Israel is God's Time Piece

When Daniel prays, confesses, repents, and seeks the Lord in Daniel 9, he finds assurance of an answer from Him. The information he receives points to Jesus. This is a crucial point for Jewish people to understand, as the timeline is fixed in history to the exact time of Christ's arrival.

Daniel 9:24 (ESV) “Seventy weeks are decreed about your people and your holy city, to finish the transgression, to put an end to sin, and to atone for iniquity, to bring in everlasting righteousness, to seal both vision and prophet, and to anoint a most holy place.

Where the exile lasted 70 years, the time of atonement for sin and everlasting righteousness (God's gift through faith) would come 490 years later (70 - 7 x 7 weeks). But how are we to understand time according to this passage?

Well, Daniel is given further detail about those 490 years. The angel breaks it down:
Daniel 9:25–26 (ESV) Know therefore and understand that from the going out of the word to restore and build Jerusalem to the coming of an anointed one, a prince, there shall be seven weeks. Then for sixty-two weeks it shall be built again with squares and moat, but in a troubled time. 26 And after the sixty-two weeks, an anointed one shall be cut off and shall have nothing. And the people of the prince who is to come shall destroy the city and the sanctuary. Its end shall come with a flood, and to the end there shall be war. Desolations are decreed.

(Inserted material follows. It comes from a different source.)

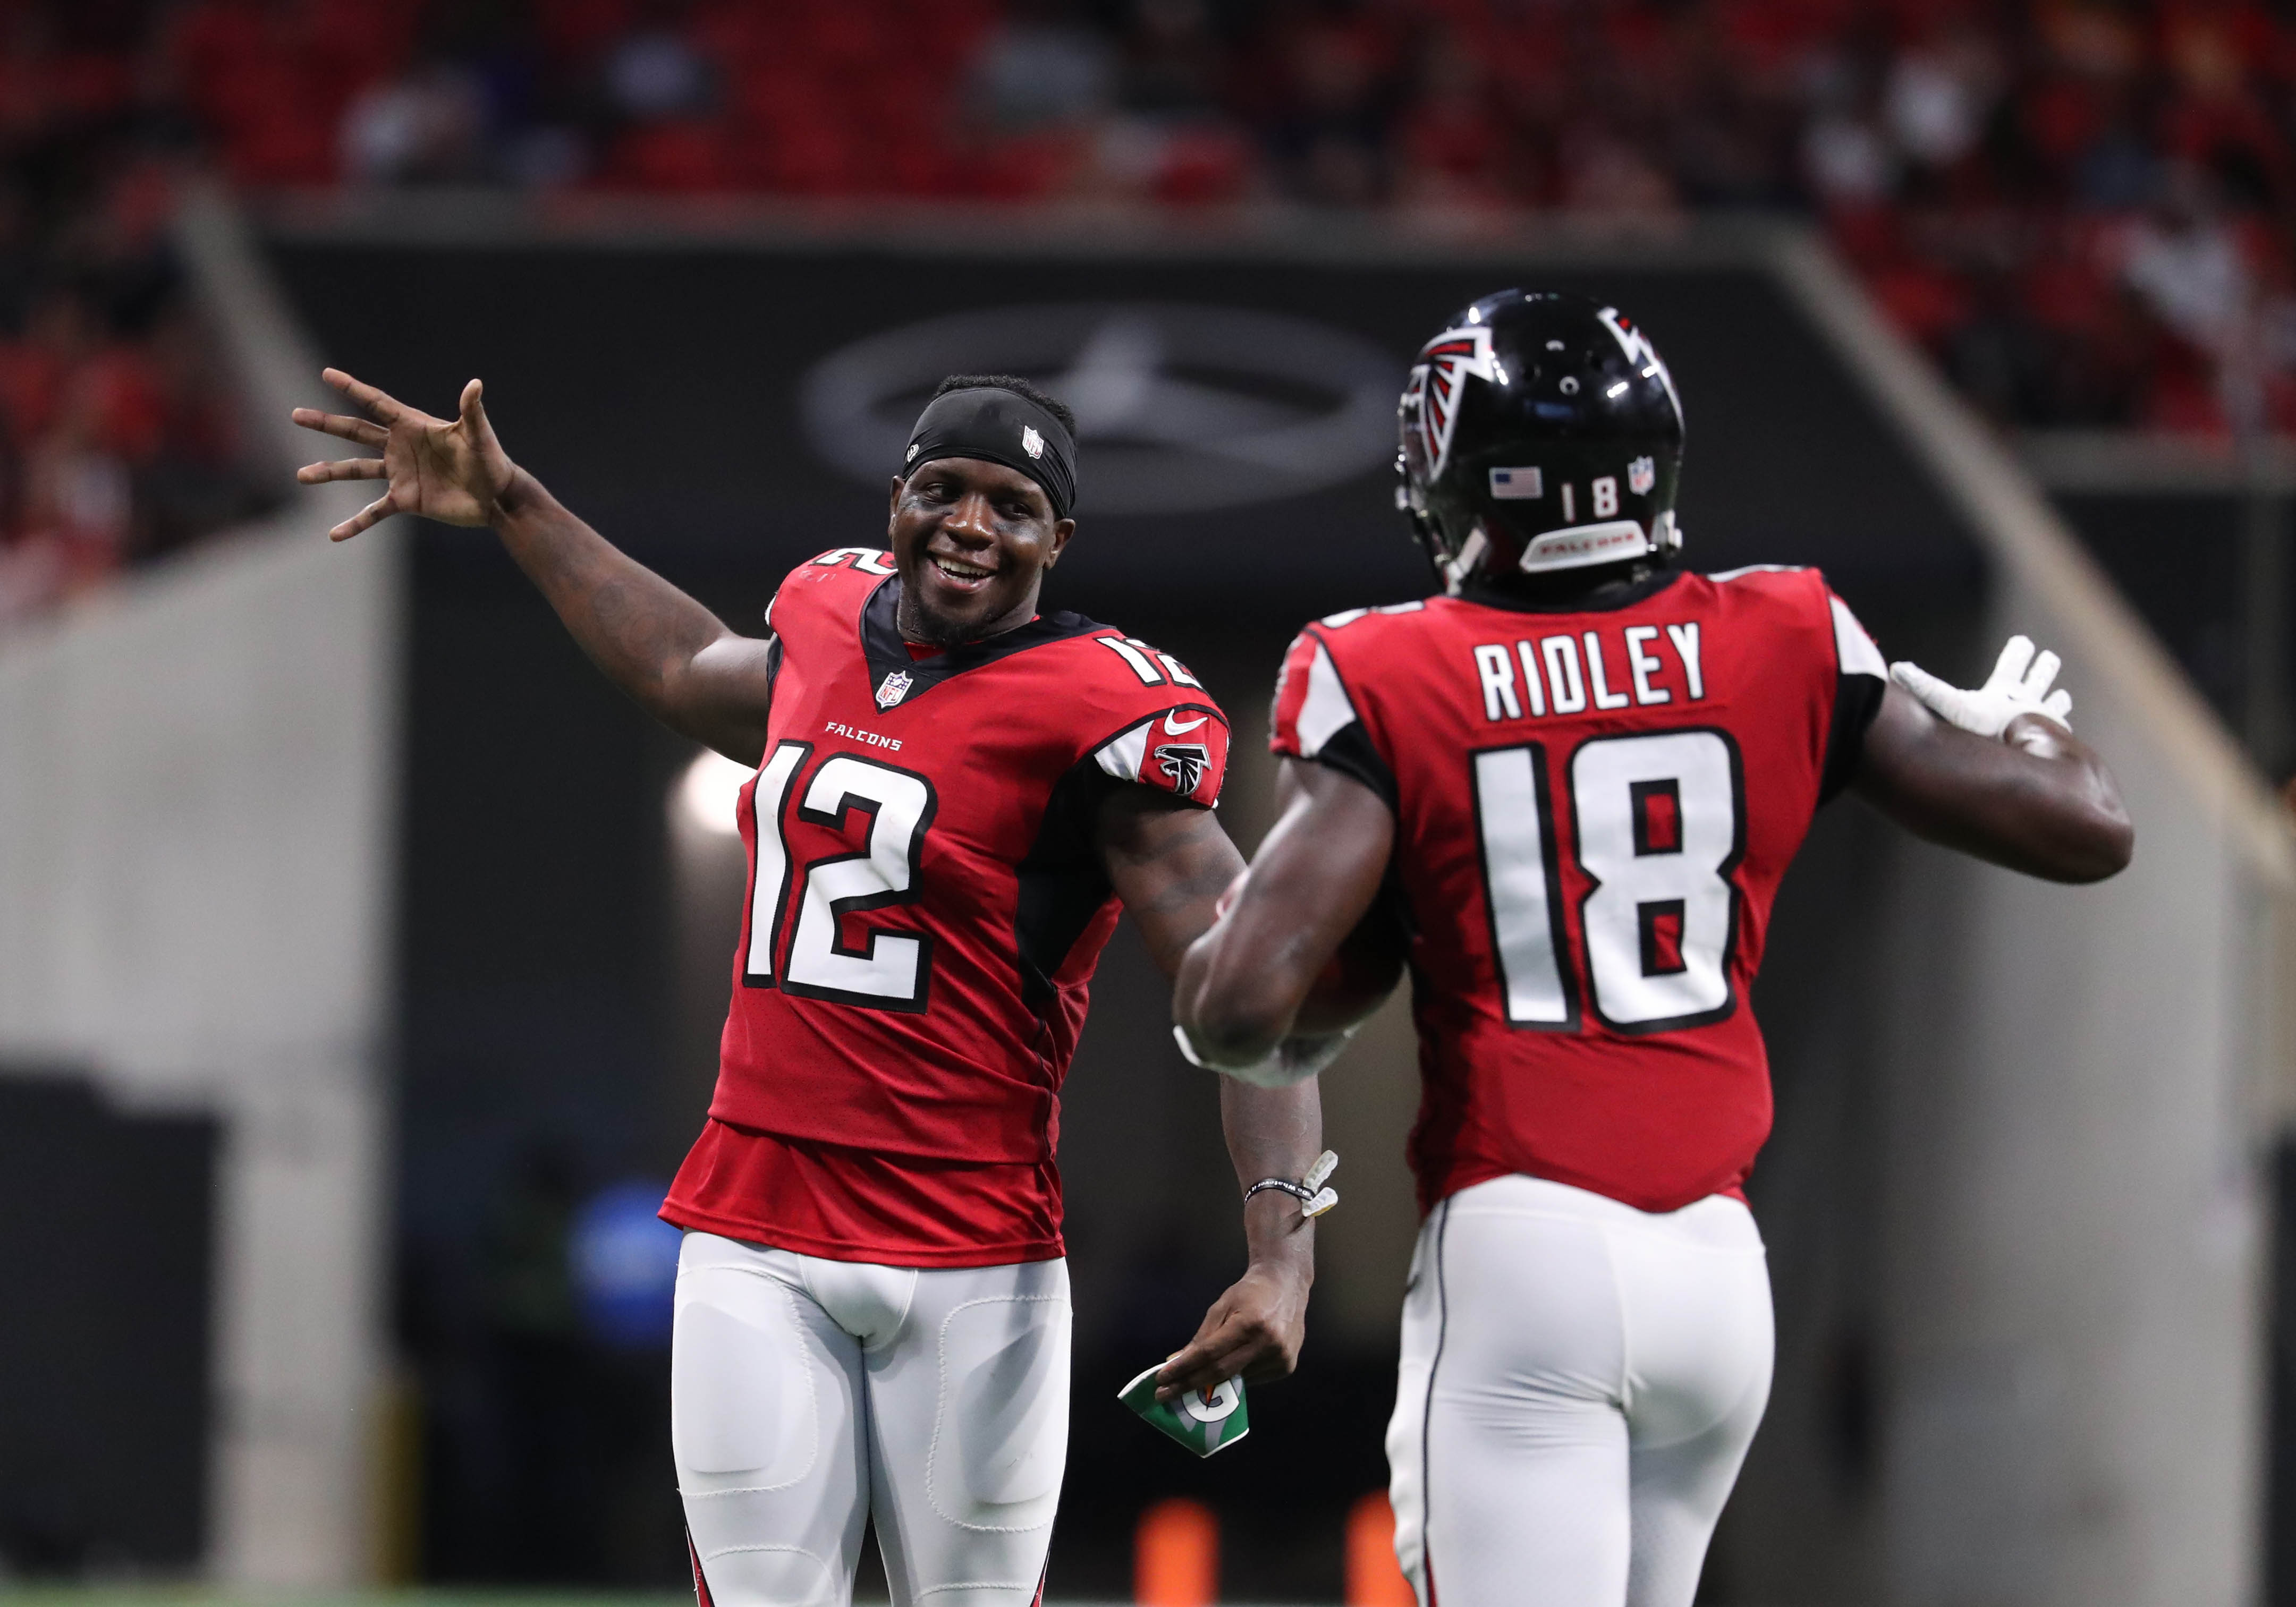 Former Alabama star WR Calvin Ridley scores first NFL TD (Video)

The decree of Artaxerxes for Israel to return and rebuild Jerusalem occurred 49 years after the time of this prophecy, with Nehemiah in 445 B.C. Then 62 weeks, or 434 years, will encompass a time of building through trouble. If you add 49 to 434, you get 483 years. See what's missing? The final 7 years of the original 490 are spoken about by the angel in verse 24. 

Most believe the prince in verse 26, who destroys the city, is Titus, the Roman general who indeed destroys Jerusalem in 70 A.D. Notice also the exact wording Jesus uses regarding the beginning of birth pains in Matthew 24, describing it as a time of war and desolation. 

Matthew 24:7–8 (ESV) For nation will rise against nation, and kingdom against kingdom, and there will be famines and earthquakes in various places. 8 All these are but the beginning of the birth pains.

The world has been covered with war and desolation in various places continuously throughout history since the time of Christ's resurrection. The next verse, however, is where we get the concept of a final "week" of severe trouble initiated by a world leader who will re-present the Roman empire, making Jerusalem desolate once more. 

Daniel 9:27 (ESV) And he shall make a strong covenant with many for one week, and for half of the week he shall put an end to sacrifice and offering. And on the wing of abominations shall come one who makes desolate, until the decreed end is poured out on the desolator.”

This "week" is that missing week from the 490 mentioned earlier. We call this time the tribulation. The time begins with an agreement between this world leader (the little horn from Daniel's visions in chapters 2 and 7) and the Jewish people. The same people who rejected Christ will covenant with the world leader because their temple and land were more critical than their eternal salvation. 

Notice Jesus' words in John 5:
John 5:43 (ESV) I have come in my Father’s name, and you do not receive me. If another comes in his own name, you will receive him.

So, where are we now? We are in a special time that Daniel did not see. He, being a Jew, represented in this moment a blindness to the fact that God's people would be made up of both Jew and Gentile as one new body. We spread the message of God's salvation offered through the sacrifice of Jesus, who put away sin on the cross, and we keep our eyes on Israel, a nation still longing to rebuild the ancient ruins and resurrect their great temple. Jesus told us to keep watch and pray for when we see these things begin to happen, His return is very near. 

What an exciting time to behold. Come, Lord Jesus!